We will denote our guess for the left-hand side of the inequality by $$y$$. We will show that only $$\lfloor \frac{x_i}{y} \rfloor$$ and $$\lfloor \frac{x_i}{y} \rfloor - 1$$ may be valid values of $$k$$. It will be easy to check each of these using our condition and add them to our set if they are indeed valid.

So we want to show that only $$k = \lfloor \frac{x_i}{y} \rfloor$$ and $$k = \lfloor \frac{x_i}{y} \rfloor - 1$$ may satisfy both $$\lfloor \frac{x_i}{k} \rfloor = y$$ and $$x_i \bmod k \leq y$$. We will show at least one condition must fail whenever $$k > \lfloor \frac{x_i}{y} \rfloor$$ or $$k < \lfloor \frac{x_i}{y} \rfloor - 1$$.

First, we handle the $$k > \lfloor \frac{x_i}{y} \rfloor$$ case. In this case, the first condition ($$\lfloor \frac{x_i}{k} \rfloor = y$$) cannot hold; in fact, $$\lfloor \frac{x_i}{k} \rfloor < y$$. It is enough to note that $$k > \frac{x_i}{y}$$ whenever $$k > \lfloor \frac{x_i}{y} \rfloor$$, since $$k$$ is an integer. Then

$\left\lfloor \frac{x_i}{k} \right\rfloor \leq \frac{x_i}{k} < \frac{x_i}{x_i/y} = y.$

The $$k < \lfloor \frac{x_i}{y} \rfloor - 1$$ case is more subtle. Without loss of generality, assume the first condition holds (if not, then we are done). We will prove that $$x_i \bmod k > y$$. To do so, we again invoke the division algorithm. For convenience, let $$m = \lfloor \frac{x_i}{y} \rfloor - k$$.

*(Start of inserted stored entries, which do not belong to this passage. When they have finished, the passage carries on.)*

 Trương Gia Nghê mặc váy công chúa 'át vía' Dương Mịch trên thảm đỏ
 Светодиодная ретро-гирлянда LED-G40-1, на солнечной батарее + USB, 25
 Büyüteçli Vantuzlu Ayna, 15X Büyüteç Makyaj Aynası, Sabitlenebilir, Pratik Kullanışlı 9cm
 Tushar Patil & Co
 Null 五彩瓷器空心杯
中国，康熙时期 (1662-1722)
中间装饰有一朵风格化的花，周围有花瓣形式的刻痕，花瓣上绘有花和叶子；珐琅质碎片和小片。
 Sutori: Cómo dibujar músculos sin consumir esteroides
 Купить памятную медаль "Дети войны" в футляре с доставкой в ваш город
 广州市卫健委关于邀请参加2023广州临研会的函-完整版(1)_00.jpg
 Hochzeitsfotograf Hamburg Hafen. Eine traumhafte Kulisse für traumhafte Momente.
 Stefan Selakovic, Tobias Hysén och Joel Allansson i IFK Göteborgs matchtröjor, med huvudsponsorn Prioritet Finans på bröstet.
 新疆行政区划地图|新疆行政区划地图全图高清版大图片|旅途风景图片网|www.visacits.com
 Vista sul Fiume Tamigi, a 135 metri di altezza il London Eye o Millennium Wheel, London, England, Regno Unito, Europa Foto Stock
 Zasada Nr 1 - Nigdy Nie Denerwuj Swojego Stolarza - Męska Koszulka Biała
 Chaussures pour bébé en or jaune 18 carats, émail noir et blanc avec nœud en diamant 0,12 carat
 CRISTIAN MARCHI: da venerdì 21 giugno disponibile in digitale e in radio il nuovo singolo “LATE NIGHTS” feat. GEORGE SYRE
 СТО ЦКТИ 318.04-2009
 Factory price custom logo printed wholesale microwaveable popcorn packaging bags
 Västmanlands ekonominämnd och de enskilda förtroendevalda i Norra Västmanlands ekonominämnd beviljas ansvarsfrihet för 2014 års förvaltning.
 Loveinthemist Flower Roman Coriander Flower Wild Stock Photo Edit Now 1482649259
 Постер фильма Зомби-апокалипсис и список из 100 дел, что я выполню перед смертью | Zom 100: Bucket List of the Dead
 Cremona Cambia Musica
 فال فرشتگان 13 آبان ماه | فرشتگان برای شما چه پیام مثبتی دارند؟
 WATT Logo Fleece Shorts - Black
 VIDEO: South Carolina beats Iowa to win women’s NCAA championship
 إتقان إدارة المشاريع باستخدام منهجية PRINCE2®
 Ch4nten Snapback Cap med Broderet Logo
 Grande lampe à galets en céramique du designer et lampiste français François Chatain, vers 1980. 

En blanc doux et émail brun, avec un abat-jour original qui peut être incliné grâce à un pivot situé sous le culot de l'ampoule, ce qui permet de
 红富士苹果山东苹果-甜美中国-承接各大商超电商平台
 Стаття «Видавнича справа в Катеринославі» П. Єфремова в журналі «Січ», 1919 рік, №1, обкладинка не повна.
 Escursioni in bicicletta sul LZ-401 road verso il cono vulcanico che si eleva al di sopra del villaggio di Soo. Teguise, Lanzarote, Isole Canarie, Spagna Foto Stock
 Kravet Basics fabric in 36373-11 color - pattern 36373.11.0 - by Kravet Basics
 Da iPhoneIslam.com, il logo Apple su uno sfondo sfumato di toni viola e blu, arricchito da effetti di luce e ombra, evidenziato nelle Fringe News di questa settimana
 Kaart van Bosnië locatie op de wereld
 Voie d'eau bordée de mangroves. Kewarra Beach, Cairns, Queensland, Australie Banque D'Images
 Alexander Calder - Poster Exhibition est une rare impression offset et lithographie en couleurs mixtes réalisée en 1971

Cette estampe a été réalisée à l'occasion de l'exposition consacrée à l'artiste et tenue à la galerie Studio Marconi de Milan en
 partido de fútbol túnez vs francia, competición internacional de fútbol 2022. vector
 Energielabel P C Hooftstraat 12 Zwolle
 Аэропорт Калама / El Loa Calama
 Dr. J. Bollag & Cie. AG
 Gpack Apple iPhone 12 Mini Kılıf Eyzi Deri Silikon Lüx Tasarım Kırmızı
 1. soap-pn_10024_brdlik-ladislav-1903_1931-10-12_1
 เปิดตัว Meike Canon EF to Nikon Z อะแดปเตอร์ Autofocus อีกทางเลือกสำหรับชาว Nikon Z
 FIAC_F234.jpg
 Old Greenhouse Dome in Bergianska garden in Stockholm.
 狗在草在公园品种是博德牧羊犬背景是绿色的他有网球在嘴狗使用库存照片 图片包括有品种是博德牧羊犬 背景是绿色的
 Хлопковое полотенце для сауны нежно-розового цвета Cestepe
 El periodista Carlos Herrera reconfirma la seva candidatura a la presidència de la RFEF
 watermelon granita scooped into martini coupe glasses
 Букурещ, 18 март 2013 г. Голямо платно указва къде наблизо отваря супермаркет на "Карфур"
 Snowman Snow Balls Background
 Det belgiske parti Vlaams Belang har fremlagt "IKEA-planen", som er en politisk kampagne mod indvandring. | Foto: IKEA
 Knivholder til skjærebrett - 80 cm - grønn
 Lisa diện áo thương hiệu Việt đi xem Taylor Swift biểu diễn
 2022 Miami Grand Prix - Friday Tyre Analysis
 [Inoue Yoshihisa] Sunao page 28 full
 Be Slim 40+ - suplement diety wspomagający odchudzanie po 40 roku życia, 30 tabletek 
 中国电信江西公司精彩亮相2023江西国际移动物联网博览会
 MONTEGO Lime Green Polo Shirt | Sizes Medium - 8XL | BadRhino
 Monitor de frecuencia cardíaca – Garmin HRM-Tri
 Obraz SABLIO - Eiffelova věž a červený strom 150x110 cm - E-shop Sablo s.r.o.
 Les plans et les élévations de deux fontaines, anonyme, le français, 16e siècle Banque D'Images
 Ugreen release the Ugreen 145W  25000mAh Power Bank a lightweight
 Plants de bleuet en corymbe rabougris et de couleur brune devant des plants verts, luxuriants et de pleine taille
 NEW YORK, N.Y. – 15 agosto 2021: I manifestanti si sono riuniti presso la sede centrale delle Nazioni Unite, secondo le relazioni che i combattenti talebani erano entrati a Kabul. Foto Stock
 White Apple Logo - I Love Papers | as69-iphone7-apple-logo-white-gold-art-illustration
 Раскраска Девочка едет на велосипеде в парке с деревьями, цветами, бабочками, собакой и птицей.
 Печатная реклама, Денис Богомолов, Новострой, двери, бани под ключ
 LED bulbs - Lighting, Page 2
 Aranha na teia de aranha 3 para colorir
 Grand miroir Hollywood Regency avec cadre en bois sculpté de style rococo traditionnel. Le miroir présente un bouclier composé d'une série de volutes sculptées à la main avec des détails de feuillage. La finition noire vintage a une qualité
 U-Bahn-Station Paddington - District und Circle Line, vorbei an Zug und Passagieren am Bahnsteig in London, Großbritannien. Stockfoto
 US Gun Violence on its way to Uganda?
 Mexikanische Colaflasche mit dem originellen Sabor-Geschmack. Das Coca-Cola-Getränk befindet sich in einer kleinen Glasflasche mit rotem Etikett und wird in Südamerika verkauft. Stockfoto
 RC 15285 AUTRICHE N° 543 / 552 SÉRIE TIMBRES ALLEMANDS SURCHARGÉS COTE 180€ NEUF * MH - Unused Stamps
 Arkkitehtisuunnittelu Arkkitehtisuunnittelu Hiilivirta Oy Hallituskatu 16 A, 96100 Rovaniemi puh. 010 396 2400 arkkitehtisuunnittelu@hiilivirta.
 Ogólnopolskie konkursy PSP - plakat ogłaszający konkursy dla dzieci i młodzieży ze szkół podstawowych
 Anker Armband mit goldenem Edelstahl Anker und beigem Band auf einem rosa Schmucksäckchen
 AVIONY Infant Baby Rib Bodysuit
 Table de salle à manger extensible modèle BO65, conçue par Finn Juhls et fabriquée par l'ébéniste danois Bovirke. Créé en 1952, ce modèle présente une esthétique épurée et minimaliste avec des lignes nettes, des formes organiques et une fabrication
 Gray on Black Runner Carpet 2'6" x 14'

\begin{align} x_i &= qk + r & (0 \leq r < k) \\ &= yk + r \\ &= y\left(\left\lfloor \frac{x_i}{y} \right\rfloor - m\right) + r \end{align}

But since $$y \lfloor \frac{x_i}{y} \rfloor \leq x_i$$, rearranging gives $$r \geq my > y$$, as desired.

This completes the proof that there are never more than $$3\sqrt{x_i}$$ (in practice, there are usually close to $$2\sqrt{x_i}$$) valid values of $$k$$, and so we can start by testing all of these for $$x_1$$, adding valid ones to a set, and then iterating over the other $$x_i$$ and removing invalid ones. At the end, we can choose the largest element of our set (the set can never be empty because $$k = 1$$ is always valid) and calculate the corresponding minimum number of sets as described above.